Welcome!

My daughter, Jazlyn, is anaphylactic to egg, dairy, peanuts, and tree nuts. When she was first diagnosed, I found it very difficult to find recipes and foods that didn't taste like "allergy" food. Over the last 15 years I have had a lot of fun developing and changing recipes so that they are safe for her. I love to share my recipes so that other families can realize how yummy "allergy" foods can taste. You don't have to sacrifice taste or your favorite foods, you just have to rethink how to make them. I made a promise to Jazzy that I would do my very best to find a way for her to eat any food she wants to try. So far I have been able to keep that promise. I hope your family enjoys these recipes as much as we do.
















Saturday, August 14, 2010

Egg Free, Dairy Free, Nut Free Sunbutter Oat Zucchini Cookies

The Zucchini Bread and Muffins were such a huge hit at our house, that I decided to try and make zucchini cookies. My girls wanted Sunbutter added to the cookies. The result was a wonderfully soft flavorful cookie.

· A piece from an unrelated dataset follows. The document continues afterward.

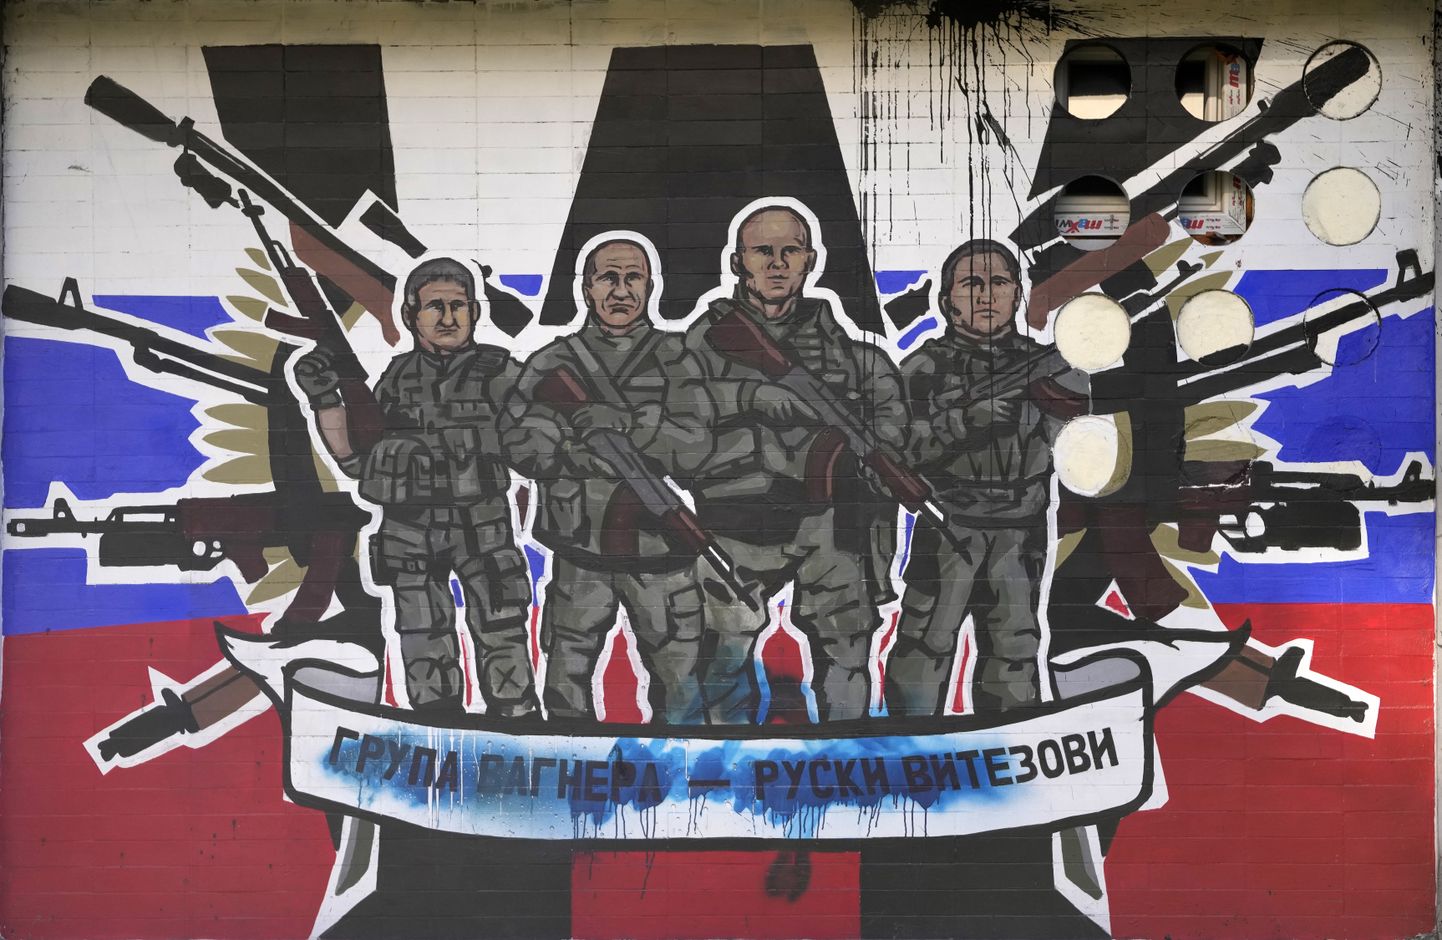 Vene erasõjafirmat Wagneri gruppi ülistav grafiti Serbia pealinnas Belgradis

Sunbutter Oat Zucchini Cookies

1 cup dairy free margarine
1 cup Sunbutter
1 cup brown sugar
1 cup shredded zucchini
1/2 cup sugar
1/2 cup unsweetened applesauce
1 tsp vanilla extract
2 cups flour
2 cups oats
1 tsp baking powder
1 tsp baking soda
1/2 tsp salt
1 1/2 cups raisins and/or safe chocolate chips, optional

Use an electric mixer to beat the margarine, Sunbutter, brown sugar, zucchini, sugar, applesauce and vanilla until combined. In a separate bowl, combine the flour, oats, baking powder, baking soda and salt. Add the flour mixture to the margarine mixture and beat until thoroughly combined. Fold in the raisins and/or chocolate chips. The batter will be very moist. Drop by rounded spoonful onto a parchment paper lined baking sheet. The cookies will not spread and they will keep the shape you drop them in. Bake at 350 for 12-15 minutes or until lightly browned on the bottom. Cool for 3-4 minutes on the baking sheet then remove the cookies to wax paper to cool completely. It is important to cool the cookies slightly on the baking sheet because they will crumble while they are still hot.

1 comment:

  1. Lori,
    Thanks for helping me figure out what to do with all my garden zucchini! Great post.